DCCD (abbreviation for Dicyclohexylcarbodiimide; also known as DCC, as N,N’-dicyclohexylcarbodiimide, as Bis(cyclohexyl)carbodiimide, and as 1,3-dicyclohexylcarbodiimide) is a small organic molecule thatcan covalently modify protonated carboxyl groups. Wanneer dccd wordt toegevoegd aan ATP synthase bij een pH hoger dan 8, reageert DCCD bijna uitsluitend met de carboxylgroep van het geconserveerde zure aminozuurresidu van subeenheid c (daarom wordt subeenheid c soms “dccd-bindend eiwit”genoemd). dat heeft verhoogd pK en kan daarom worden geprotoneerd bij zo ‘ n hoge pH. modificatie van de carboxylgroep in een enkele c-subeenheid is genoeg om de hele c-ring oligomeer inactief te maken. Omdat DCCD covalent bindt aan C-subeenheid,is deze remming onomkeerbaar.
de carboxylgroep van het geconserveerde aminozuurresidu in subeenheid c-subeenheid is aanwezig in alle tot nu toe bekende ATP-synthases. Dus DCCD is een universele remmer die FO kan functioneren in bacteriële, mitochondriale en chloroplastenzymen. Bovendien zijn V-en A-type proton-transporterende Atpasen om dezelfde reden ook gevoelig voor DCCD. Natrium-transporterende ATP synthases worden ook effectief geremd door DCCD.
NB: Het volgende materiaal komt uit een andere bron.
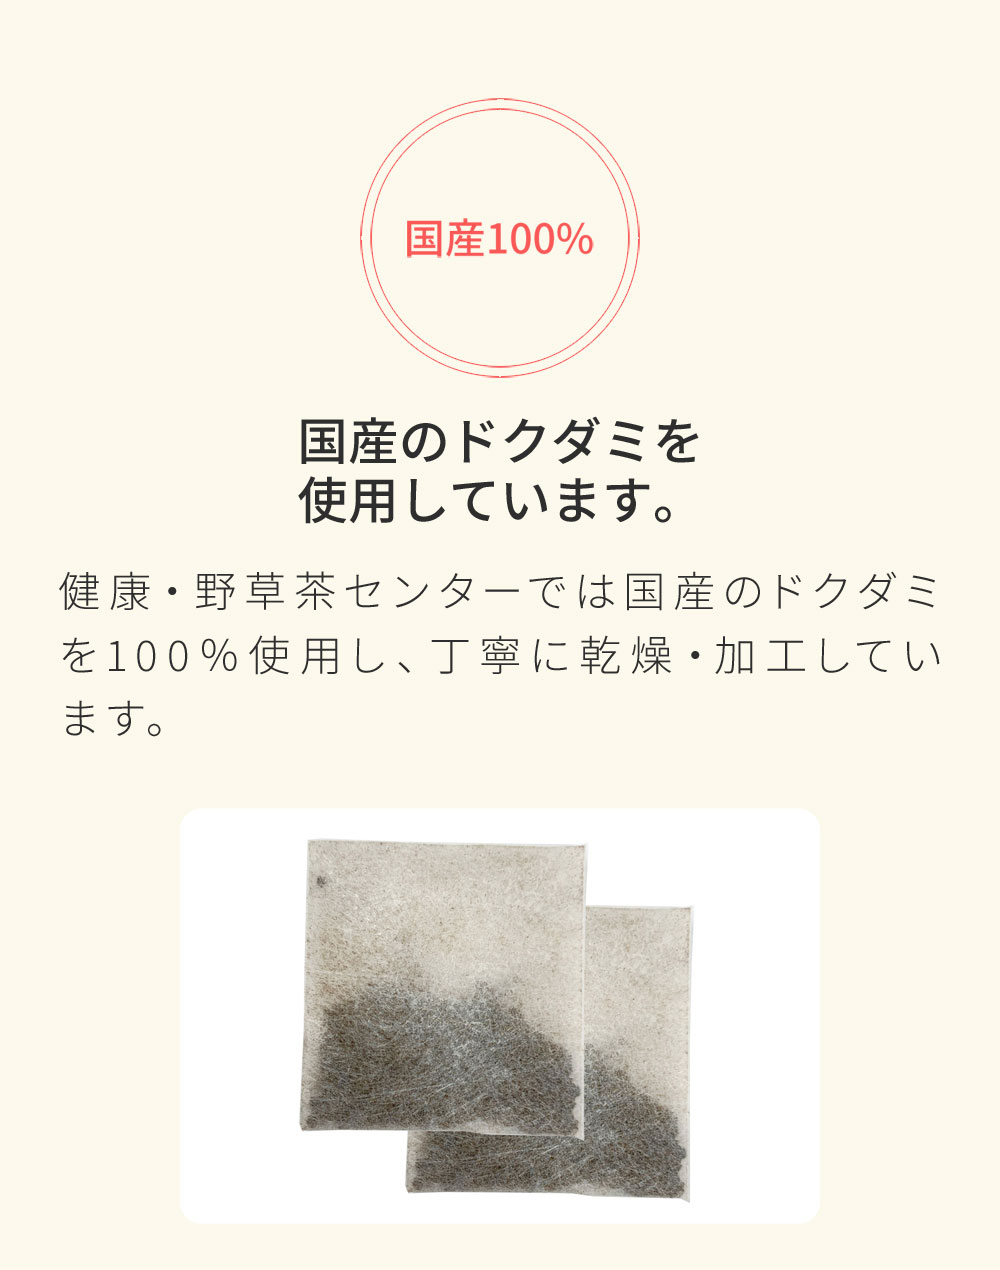 兵庫県産のドクダミを使用しています。

bij een lagere pH (1 en inactiveert deze. Zo kan deze samenstelling als inhibitor van zowel FO als F1 worden beschouwd. De remming van FOis echter zeer specifiek, duidelijk gedefinieerd, en vereist veel lagere dccd-concentratie, zodat gewoonlijk deze inhibitor als fo-specifiek wordt gebruikt.



Geef een antwoord

Het e-mailadres wordt niet gepubliceerd.